Japan is a dog…but every dog has its day
Japan is a dog…but every dog has its day
Van de veertig grootste aandelenbeurzen ter wereld heeft Japan het slechtst gepresteerd in 2009. Vele verhandelingen zijn geschreven over de “lost decade”, de periode van 1989 tot en met 2000, waarin de economie geplaagd werd door recessie en deflatie en waarin de Nikkei index daalde van 40.000 naar 20.000 punten. Inmiddels kunnen de titels worden herschreven in “the two lost decades”, want 20 jaar na de all time high van de Nikkei staan we nu op 10.000 punten en kampt de Japanse economie nog steeds met deflatie en een ondermaatse groei. En met deze gegevens staat de hele theorie dat aandelen op lange termijn een hoger rendement opleveren dan bijvoorbeeld spaargeld ter discussie.

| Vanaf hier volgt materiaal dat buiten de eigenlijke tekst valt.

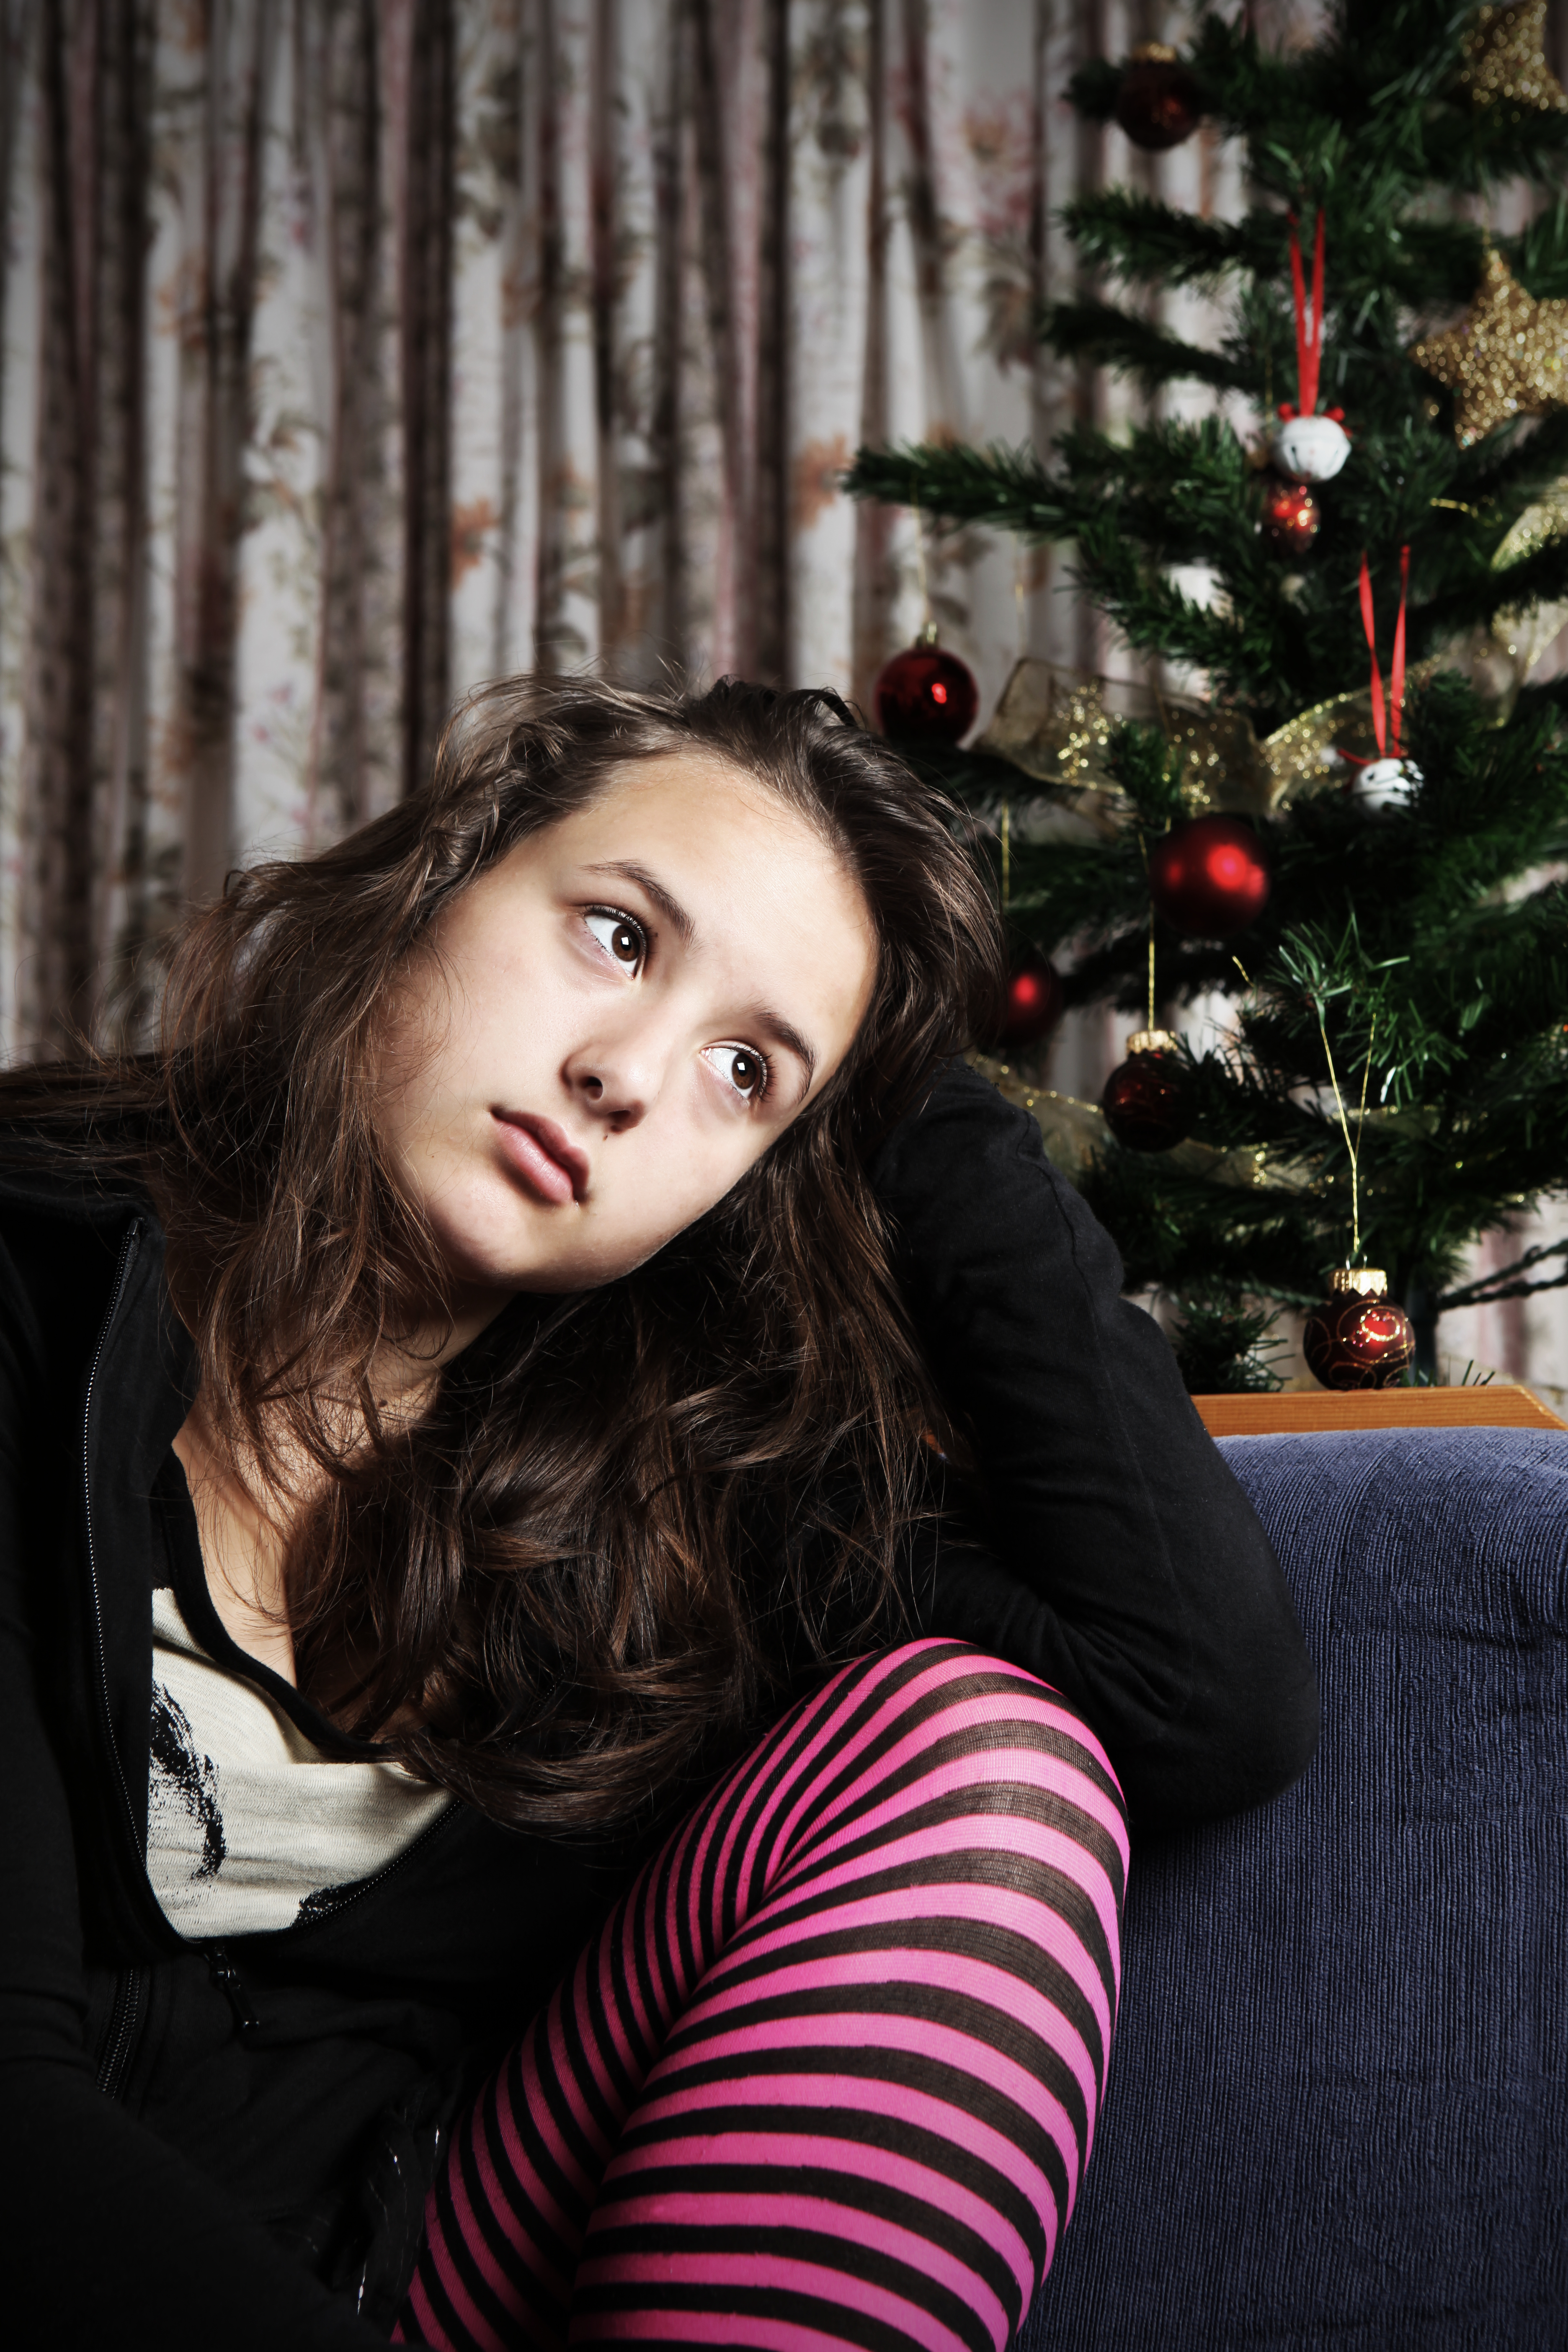 A sad teenage girl sitting next to a Christmas tree | Source: Getty Images

Desondanks leeft de Japanse beurs eens in de zoveel tijd op en ontstaan er behoorlijke rallies. In 1999 steeg de Nikkei bijna 40% en in 2003 en 2005 bedroeg het jaarresultaat van de Nikkei respectievelijk 25% en 40%.
De momenten dat de Japanse beurs het erg goed doet, vallen samen met het aantrekken van de wereldeconomie. Dit komt door de afhankelijkheid van de export naar met name de ontwikkelde landen.
In een notendop werkt het voor Japan als volgt: wereldeconomie trekt aan – exporteurs profiteren en maken meer winst – de beurs stijgt – maar grondstofprijzen stijgen ook – om de marges op peil te houden, worden de lonen gedrukt – de gemiddelde Japanner profiteert dus niet – binnenlandse vraag blijft daardoor slap – deflatie blijft aanhouden – waardoor de rente dicht bij 0% blijft.
Daarnaast is de koers van de yen natuurlijk erg belangrijk. Hoe lager de yen des te beter voor de export. De lage rente heeft de yen lange tijd relatief zwak gehouden ten opzichte van de dollar. Maar omdat de rente in de VS door de crisis ook is verlaagd naar zo goed als nul procent, is de dollar sterk gedaald ten opzichte van de yen. In 2009 bereikte de yen een 14-jaars hoogtepunt ten opzichte van de dollar, wat een van de oorzaken is geweest van de achterblijvende Japanse beurs.
Voor 2010 lijken de kansen gunstiger. In de bijgevoegde grafiek is de Goldman Sachs Global Leading Indicator afgebeeld (blauwe lijn). Deze indicator is gebaseerd op macro-economische data die, zoals de naam al doet vermoeden, een vroeg signaal geven voor het aantrekken van de wereldeconomie. De recente stijging van de indicator is een voorbode van het aantrekken van de daarmee gecorreleerde Japanse export (zwarte lijn).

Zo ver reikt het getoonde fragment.